→ **Task prompt**: When the listing below reaches the line that has "Vaporisateur Portable Fenix", start reproducing exactly; stop after the line that has "El presidente del", and drop the pictures.
═══ Exercise materials ═══
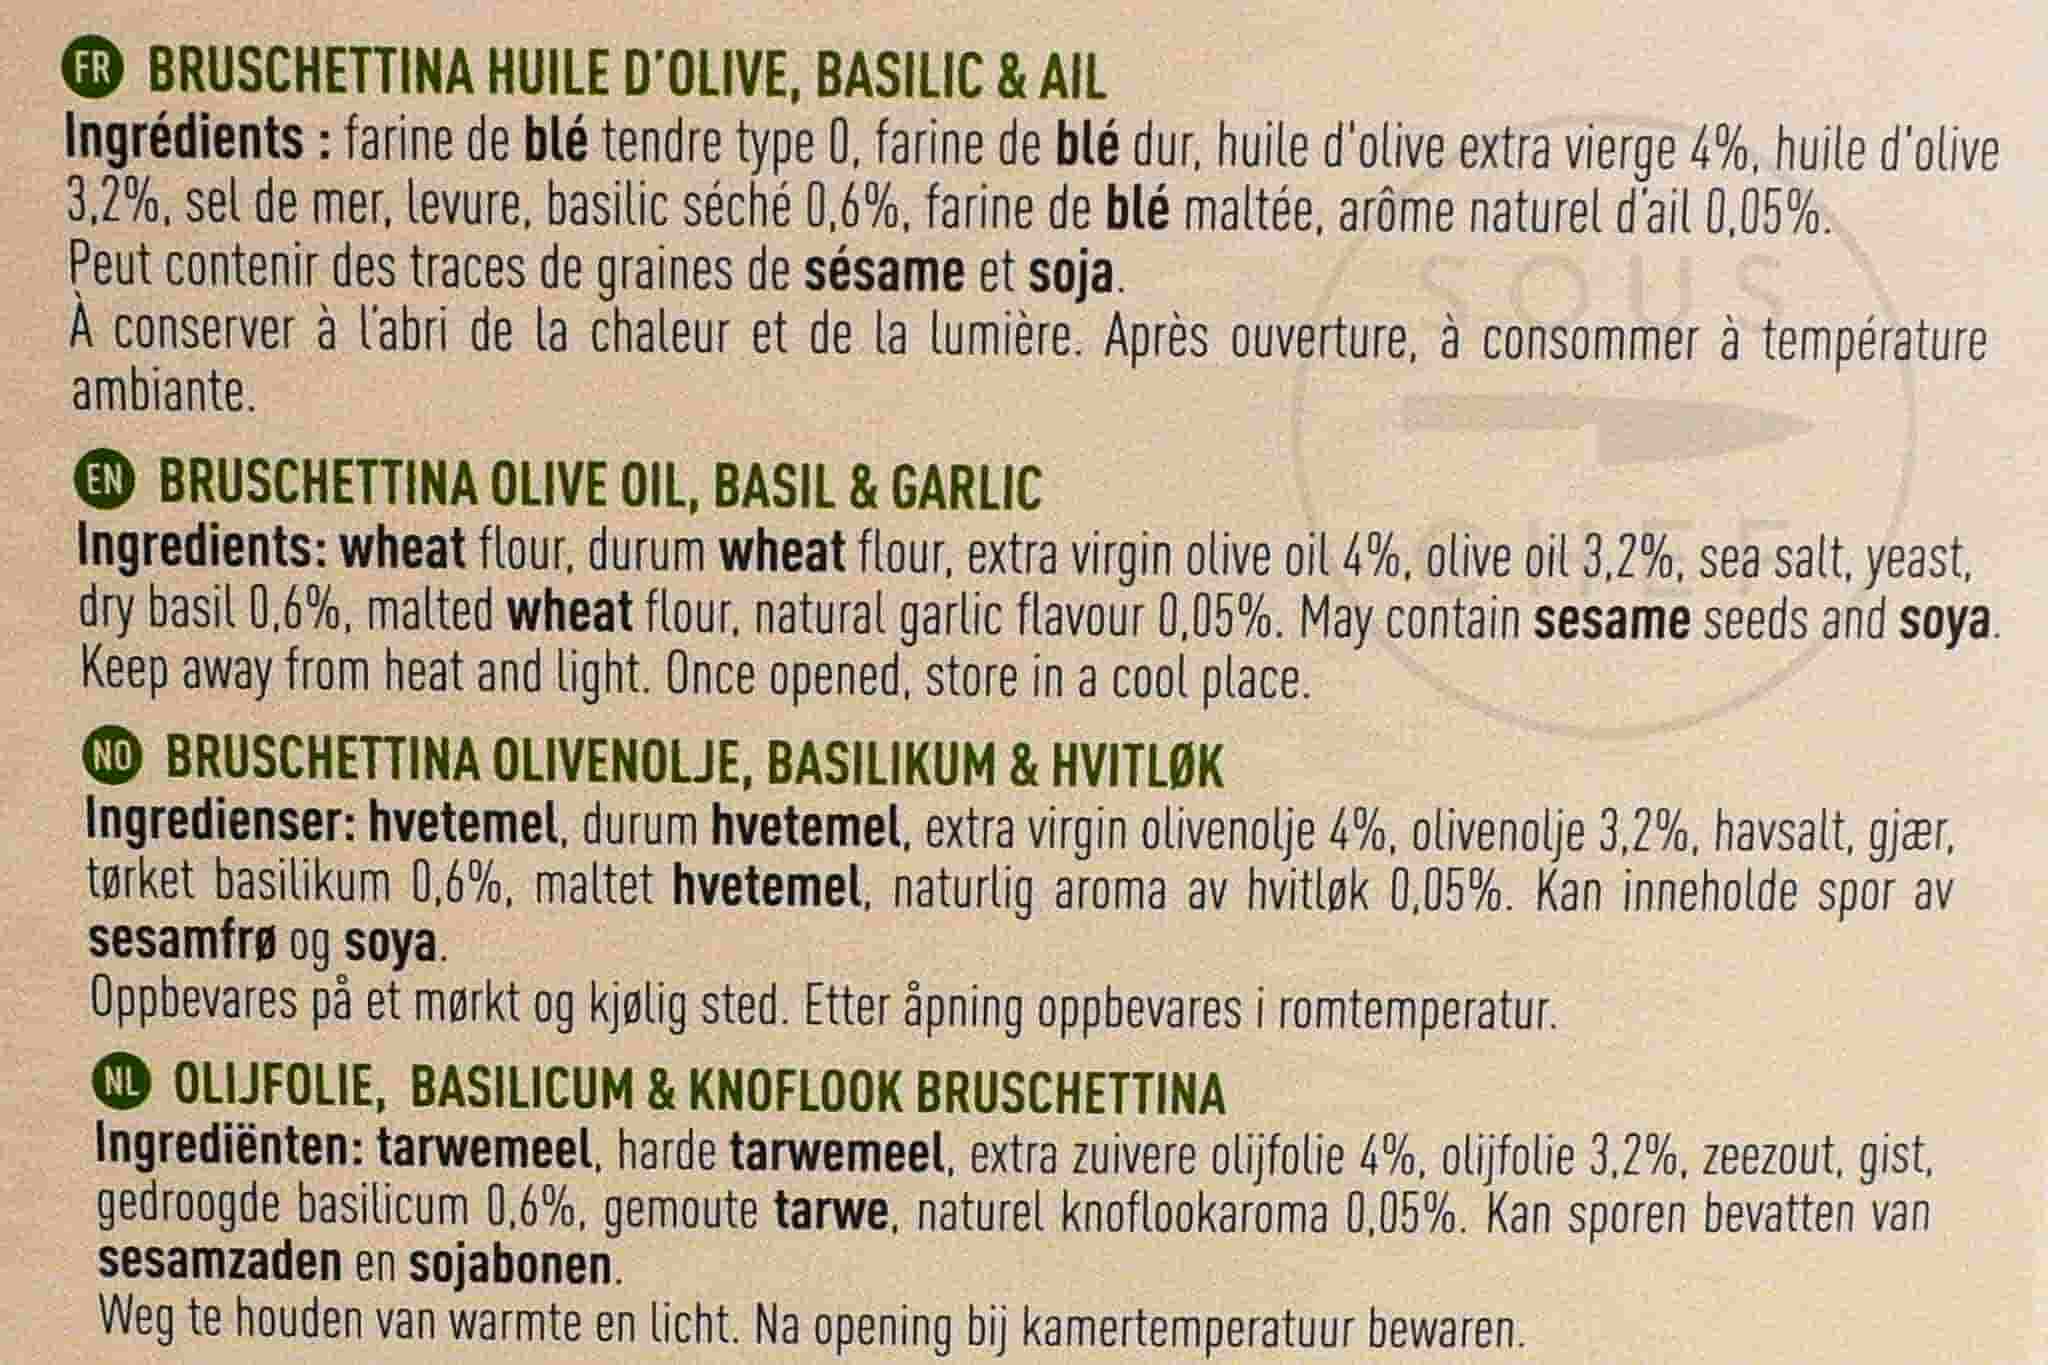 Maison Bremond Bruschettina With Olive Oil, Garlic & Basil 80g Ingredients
═══
═══ Exercise materials ═══
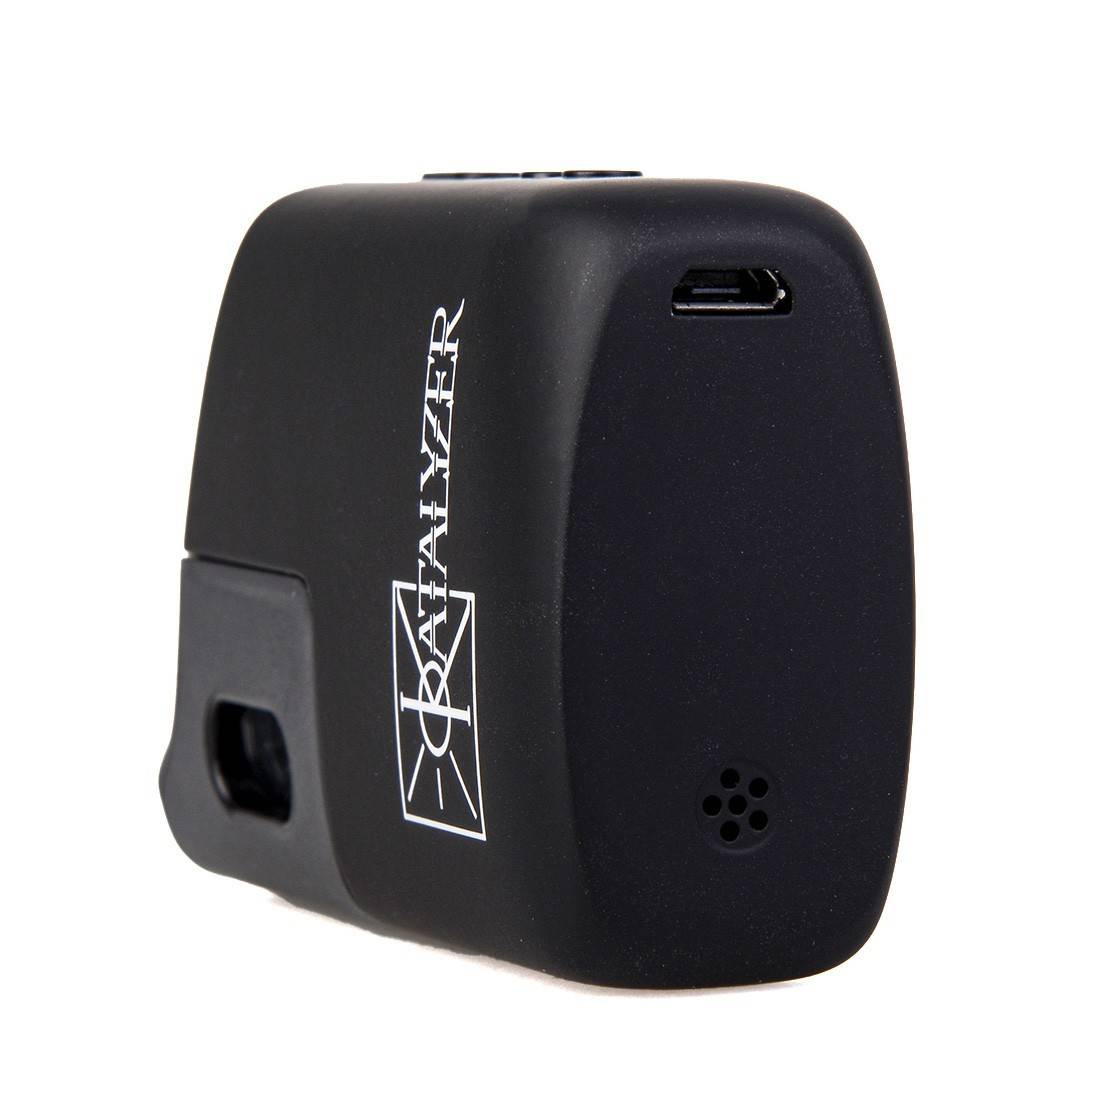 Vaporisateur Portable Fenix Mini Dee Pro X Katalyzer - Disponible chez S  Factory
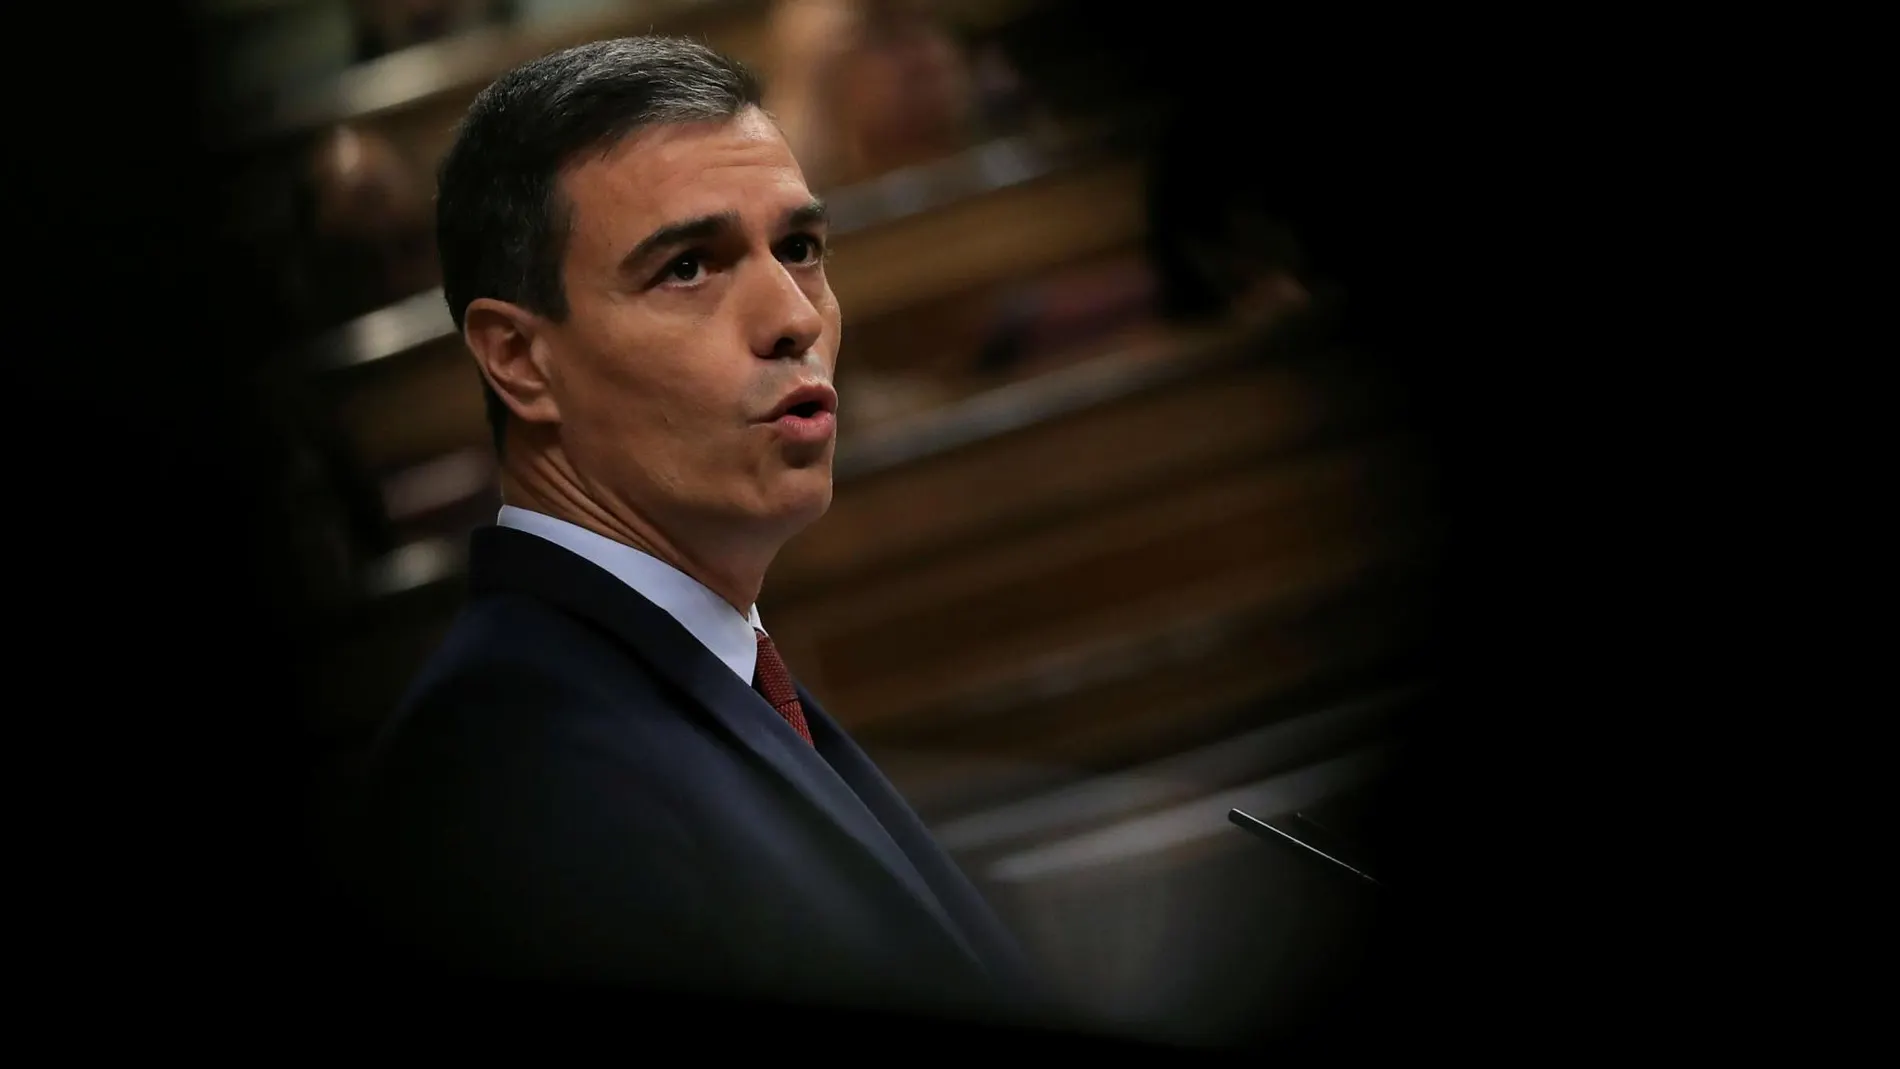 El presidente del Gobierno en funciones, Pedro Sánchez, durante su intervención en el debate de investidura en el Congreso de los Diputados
═══
═══ Exercise materials ═══
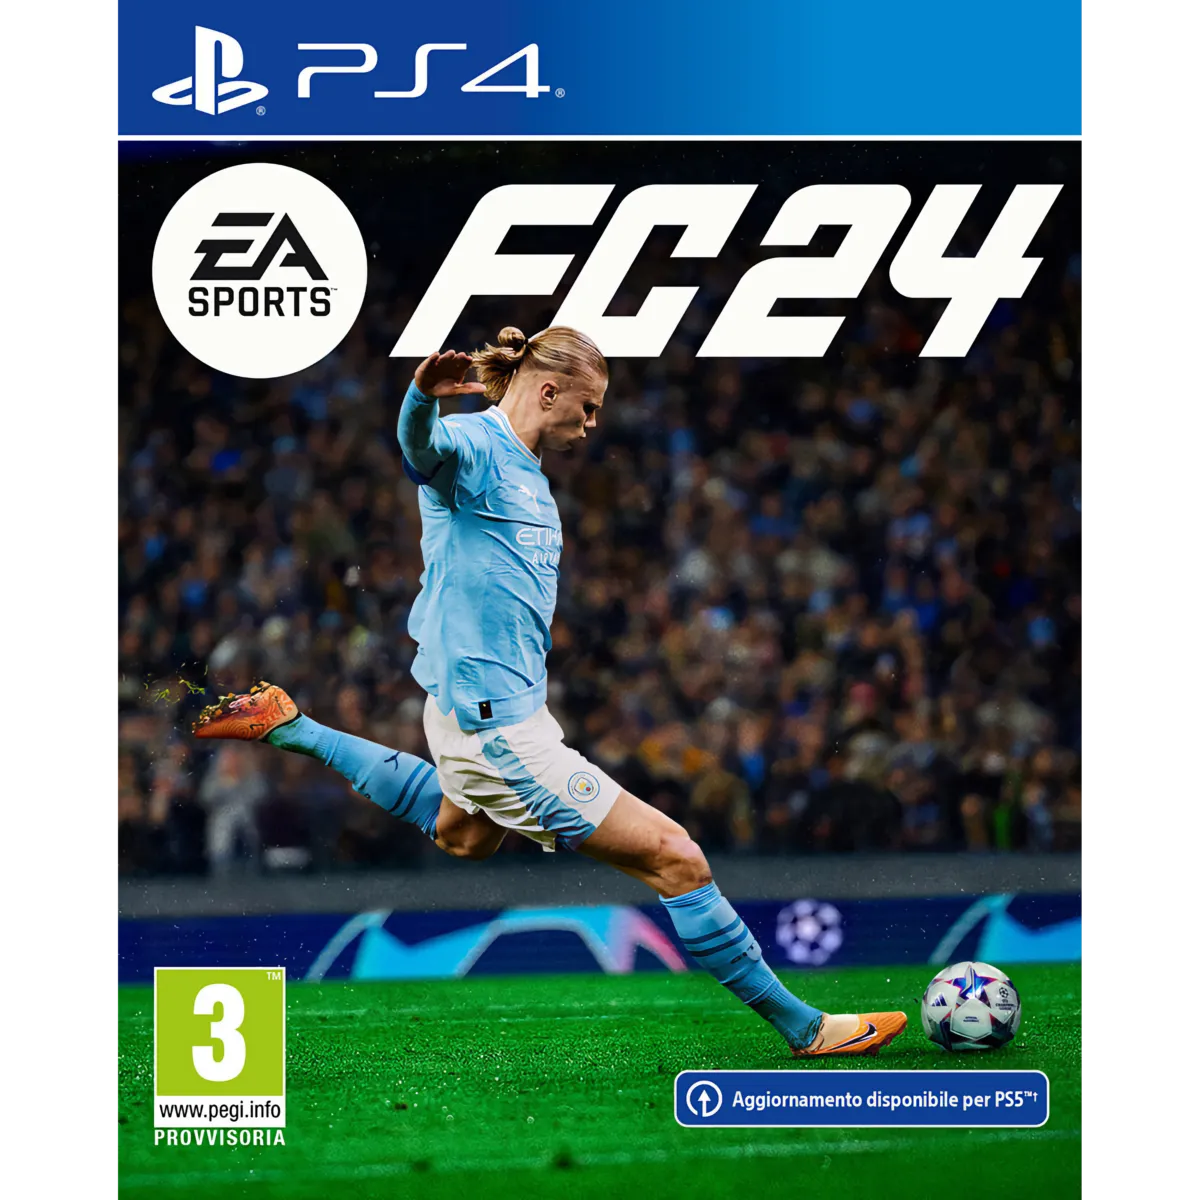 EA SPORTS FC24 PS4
═══
→ **Written response**:
 Vaporisateur Portable Fenix Mini Dee Pro X Katalyzer - Disponible chez S  Factory
 El presidente del Gobierno en funciones, Pedro Sánchez, durante su intervención en el debate de investidura en el Congreso de los Diputados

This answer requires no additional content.